END OF SIDE 1 TAPE 1; BEGINNING OF SIDE 2 TAPE 1
Beutler: -- And it's still true today that there are those who were trained by the previous generation of hematologists who believe that morphology is the beginning and end of hematologic diagnosis. They were trained to believe that you have to look personally at every blood film of every patient that you see. And I don't think they do it, but they feel guilty about not doing so. I don't personally study each blood film and I don't feel guilty about it. So I believe that at that time, perhaps, the strong morphologic roots of hematology were more heavily represented in research. But in the environment in which I was, that wasn't really nearly as true. We were studying physiology and biochemistry, and the main change has been that one can now extend this by investigating the biochemistry of the DNA and the RNA, which we couldn't do earlier because the technology hadn't been developed.
Q: One of the things I asked you to do with your curriculum vitae was to highlight what you felt were the most important research contributions, and one of the things you did, you highlighted a series of articles on primaquine, if that's the correct pronunciation, and I was wondering why you chose to highlight those and how that fits into the themes that you're talking about now.

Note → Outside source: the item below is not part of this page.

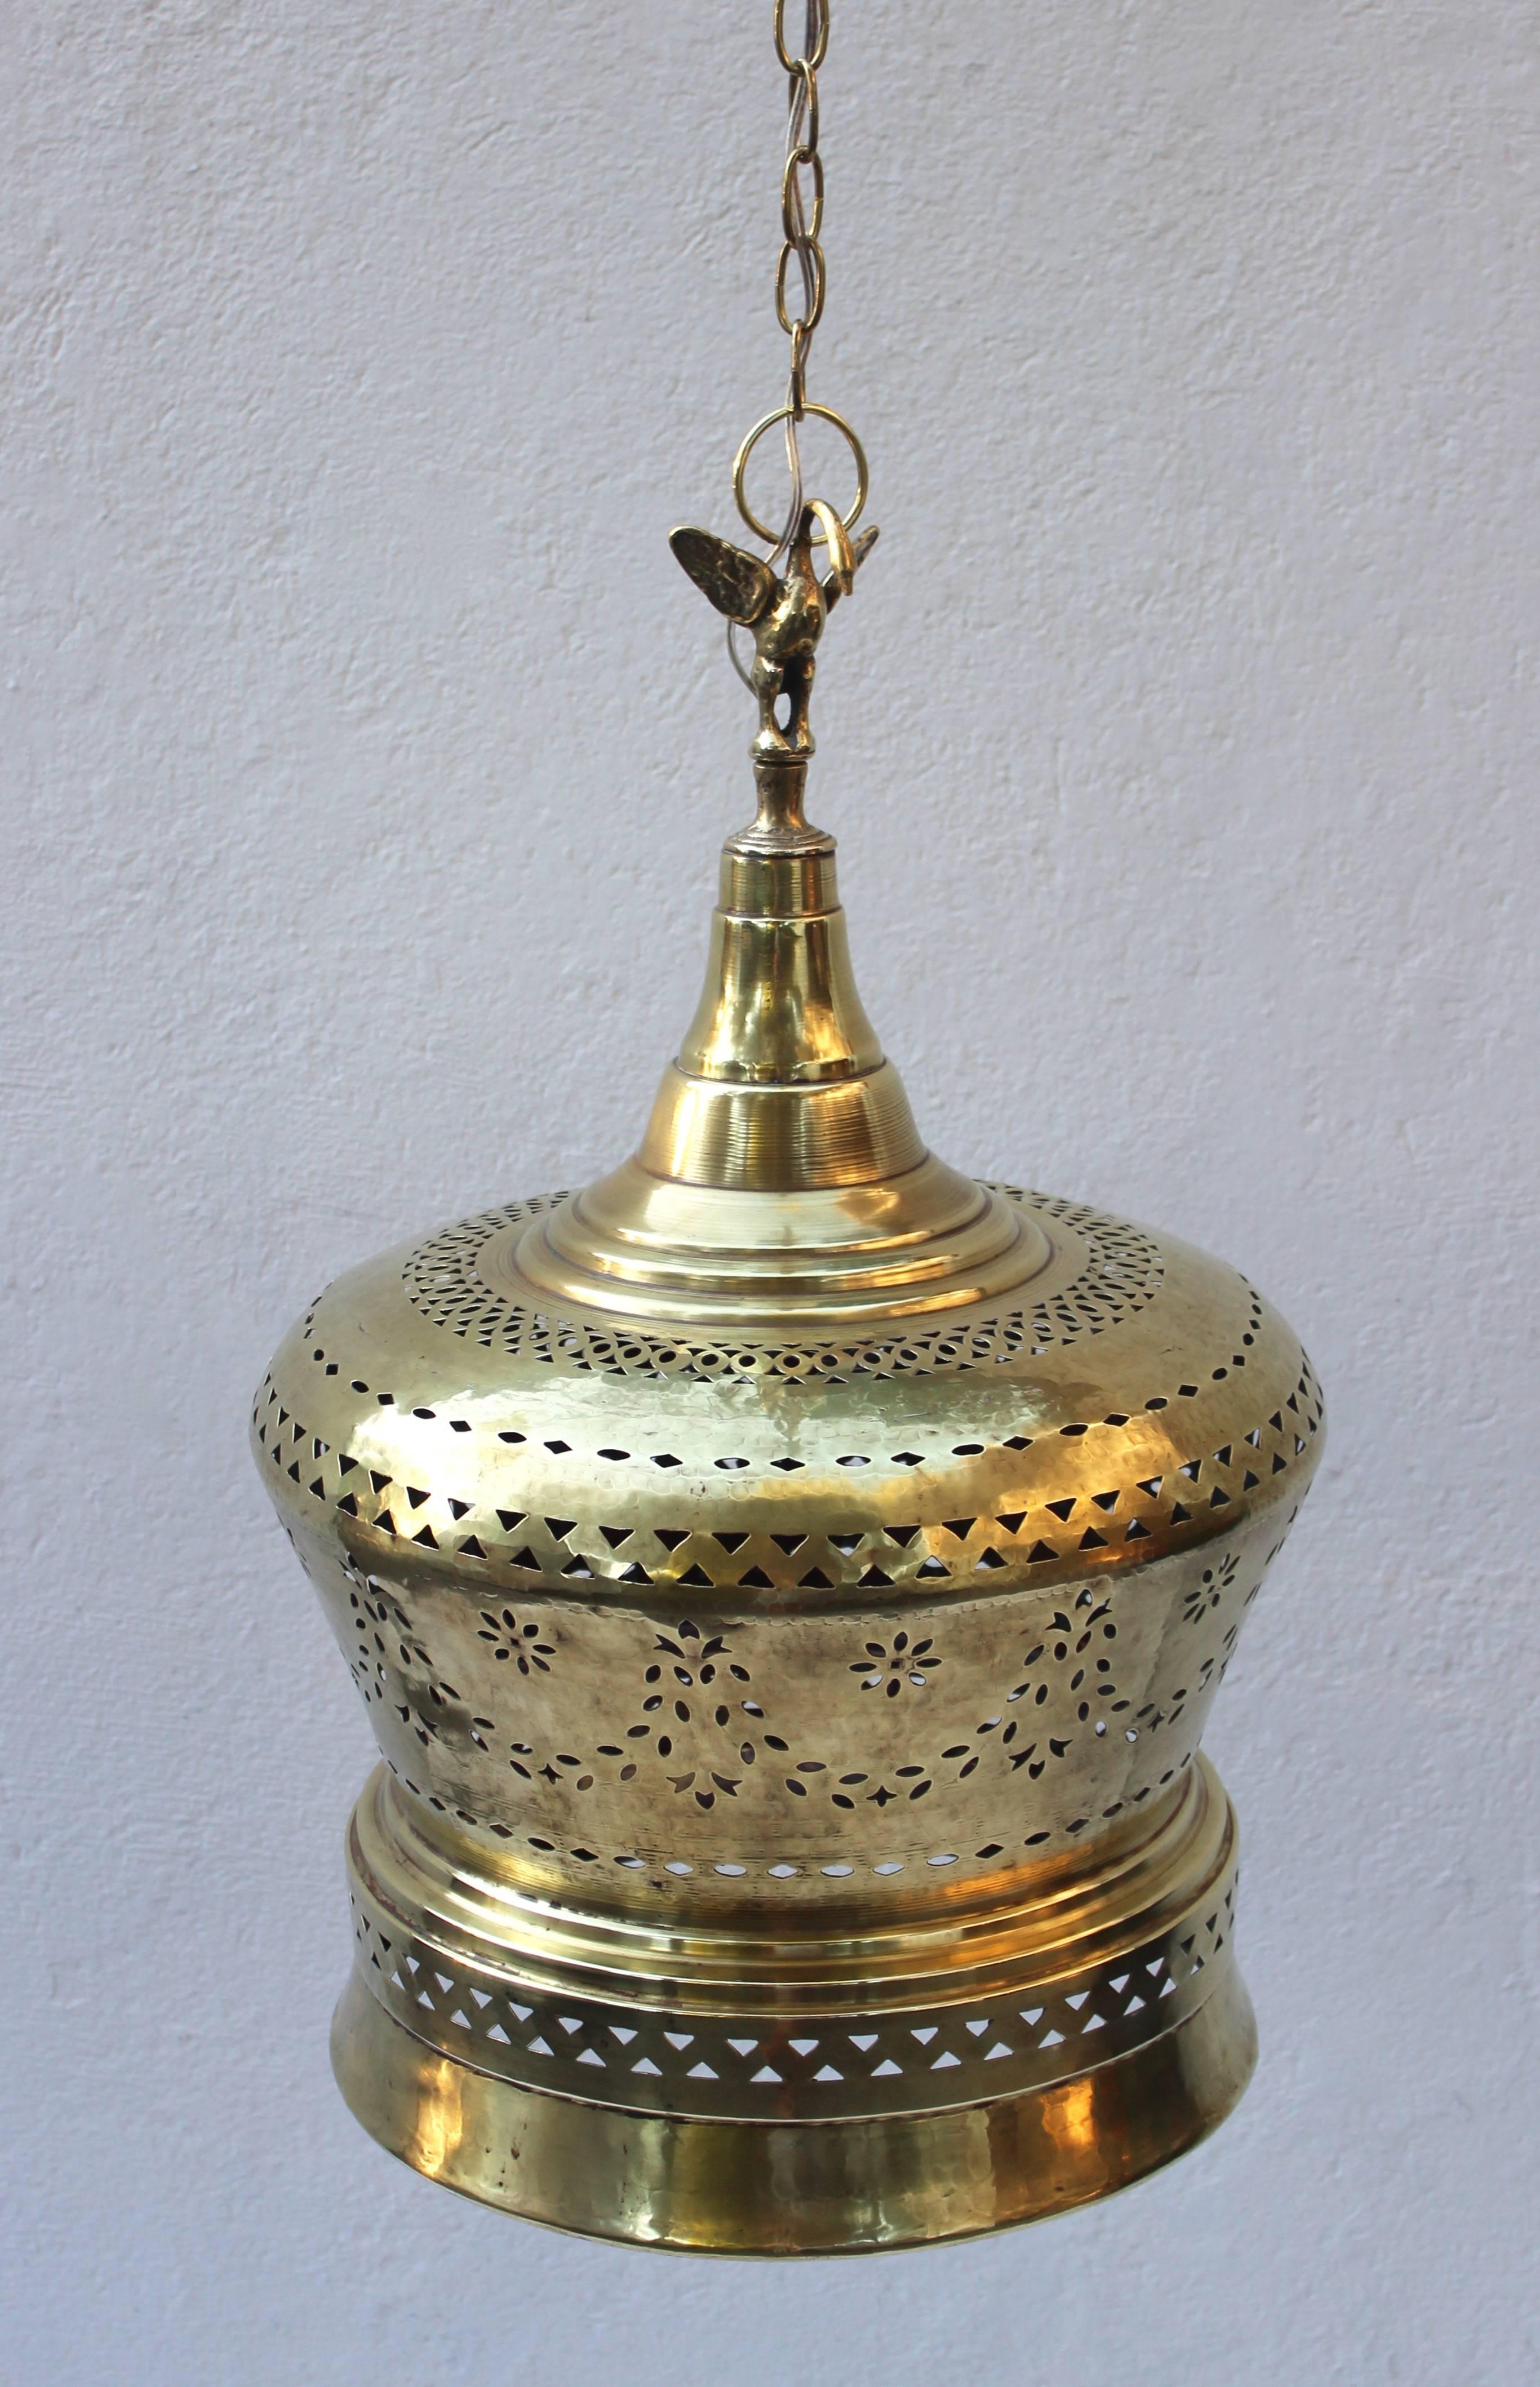 Gorgeous brass Moroccan light fixture.

Beutler: Primaquine sensitivity was a phenomenon in which certain individuals, usually black, sometimes of Mediterranean origin, develop severe anemia every time they took the drug primaquine. Our work showed that this was due to a hereditary enzyme deficiency, glucose 6 phosphate dehydrogenase deficiency. There are about 200 million people in the world who have this deficiency. So it's pretty important, and basically my studies were instrumental in leading to that discovery.
Q: What was that drug used primarily for?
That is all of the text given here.